However, a dramatic 41.3% surge in imports, prompted by businesses rushing to stockpile goods ahead of anticipated tariffs, severely dragged down net trade, subtracting 4.8 percentage points from overall growth. In contrast, exports edged up by just 1.8%. 'This surge in imports did result in a sharp rise in inventories, which added 2.25pp to headline growth and likely helped facilitate the strong increase in equipment investment,' Knightley added.

Federal government spending also weighed on the economy, falling 5.1%, and pulling overall public expenditure down by 1.4%.

More worrying about policymakers was a surprising uptick in inflation. The core Personal Consumption Expenditures (PCE) deflator, a key metric for the Federal Reserve, rose by 3.5%, exceeding the 3.1% market consensus. This signals persistent price pressures even before the full impact of tariffs and potential supply disruptions later in the year. 'Rather concerningly the price metrics were firmer than anticipated,' said Knightley.

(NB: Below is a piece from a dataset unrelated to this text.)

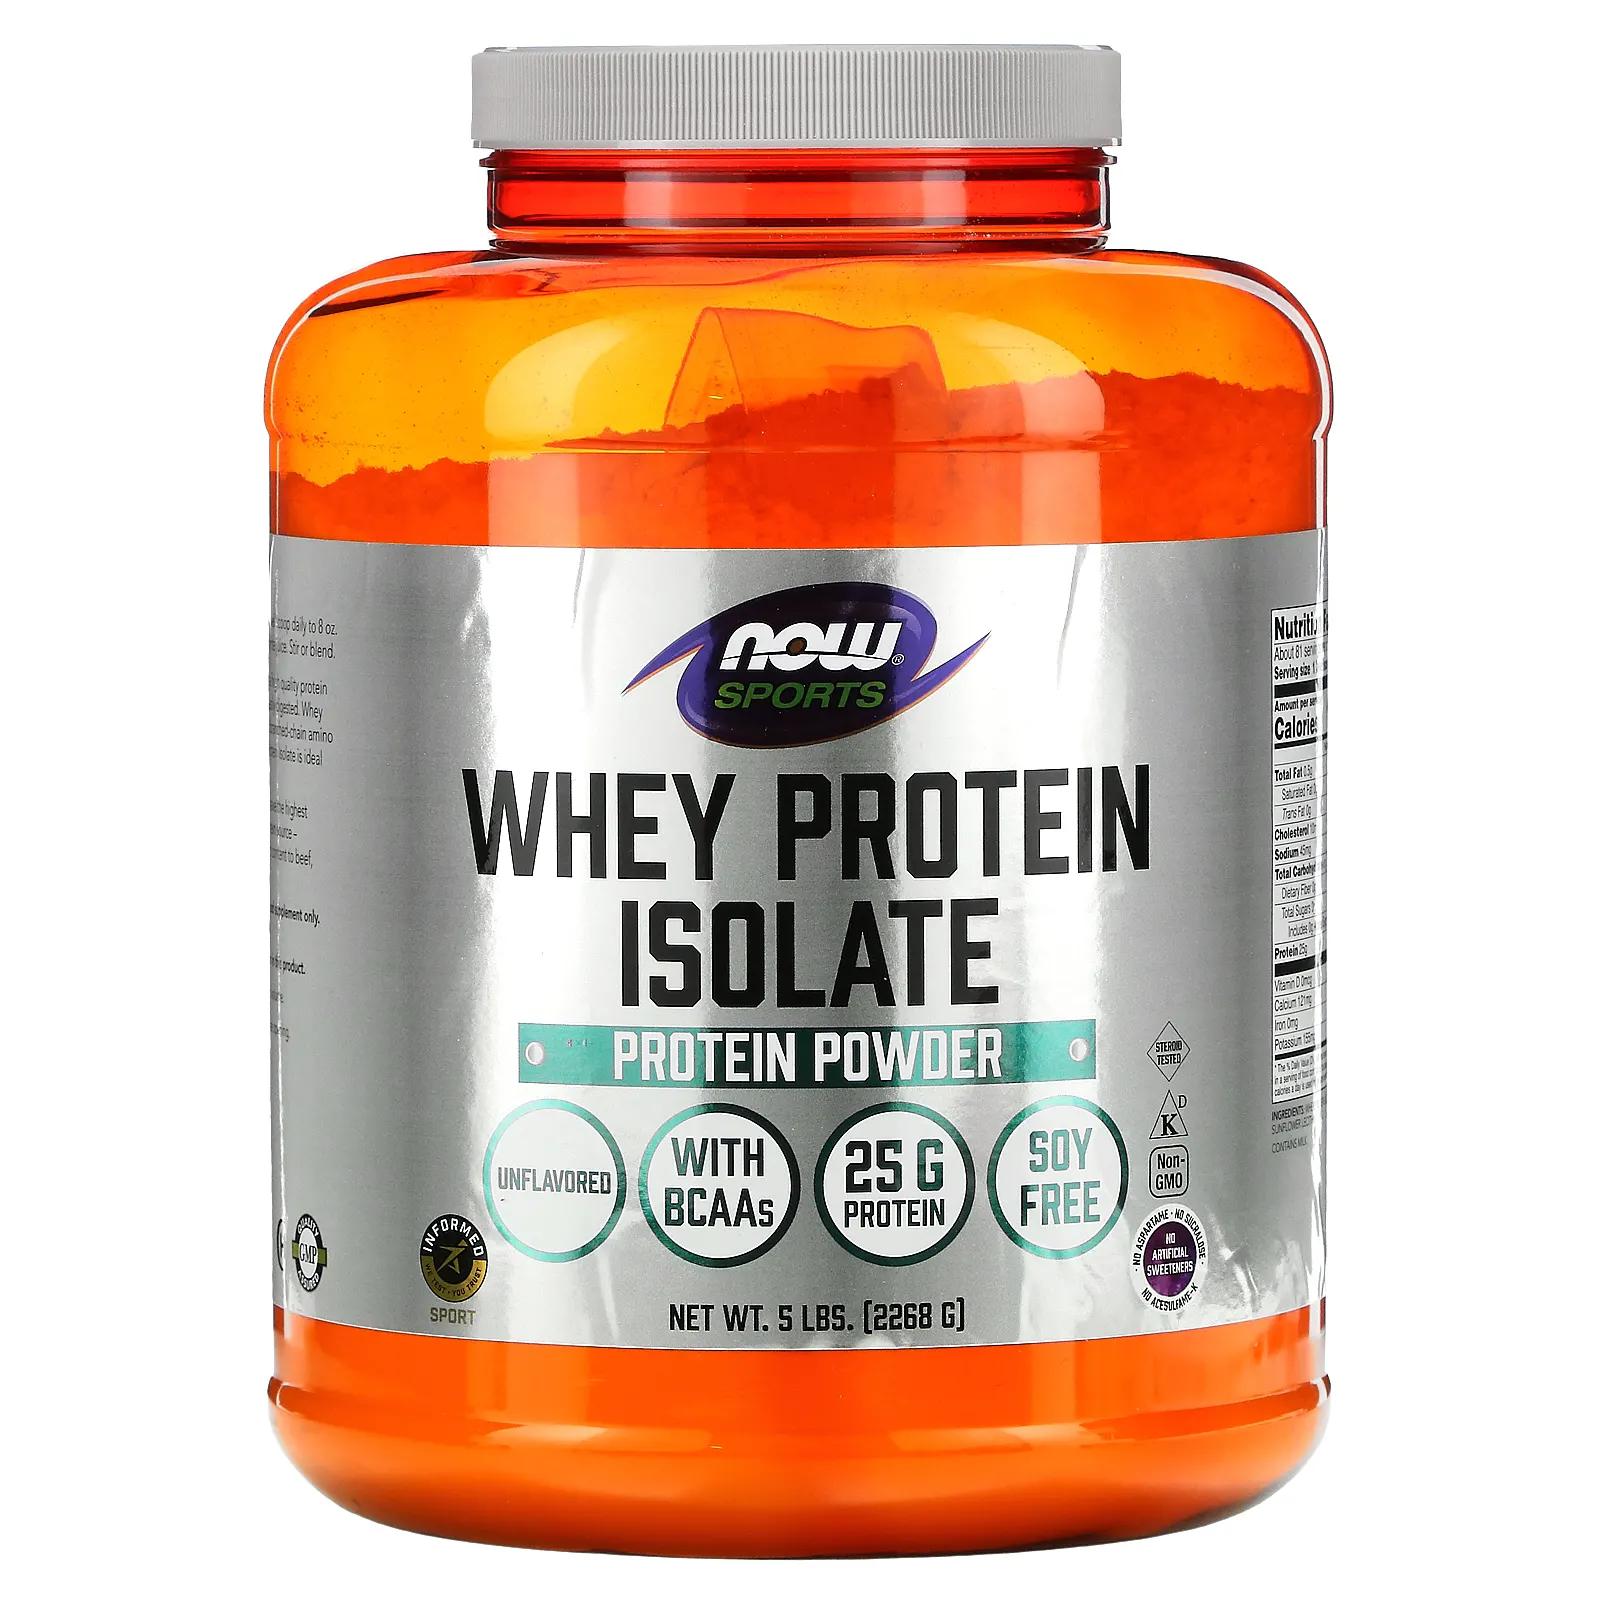 Now Foods Изолят сывороточного протеина для спортсменов с натуральным вкусом 5 фунтов (2268 г) now foods спорт изолят сывороточного протеина натуральная ваниль 5 фунтов 2268 г

As a result, the narrative of stagflation, where inflation persists despite economic stagnation, is gaining traction. 'Given this situation, the stagflation narrative is likely to continue to dominate economic debate,' Knightley warned. He pointed to falling consumer confidence, continued government spending cuts, and business hesitancy over tariffs and supply chains as additional headwinds for growth.

'Yesterday's consumer confidence report suggests the risks are skewed towards a substantial slowdown in consumer spending as households face up to squeezed spending power from higher prices at a time when they are increasingly concerned about job losses and falling wealth,' he explained.

In this environment, the Federal Reserve's ability to respond is constrained. While rate cuts may be necessary later in the year, Knightley said the timing and scale would be critical. 'When the Fed does come to the rescue at some point in the third quarter we suspect they will move hard and fast and fully understand why markets are now pricing 100bp of interest rates cuts for the year versus 79bp this time last week,' he concluded.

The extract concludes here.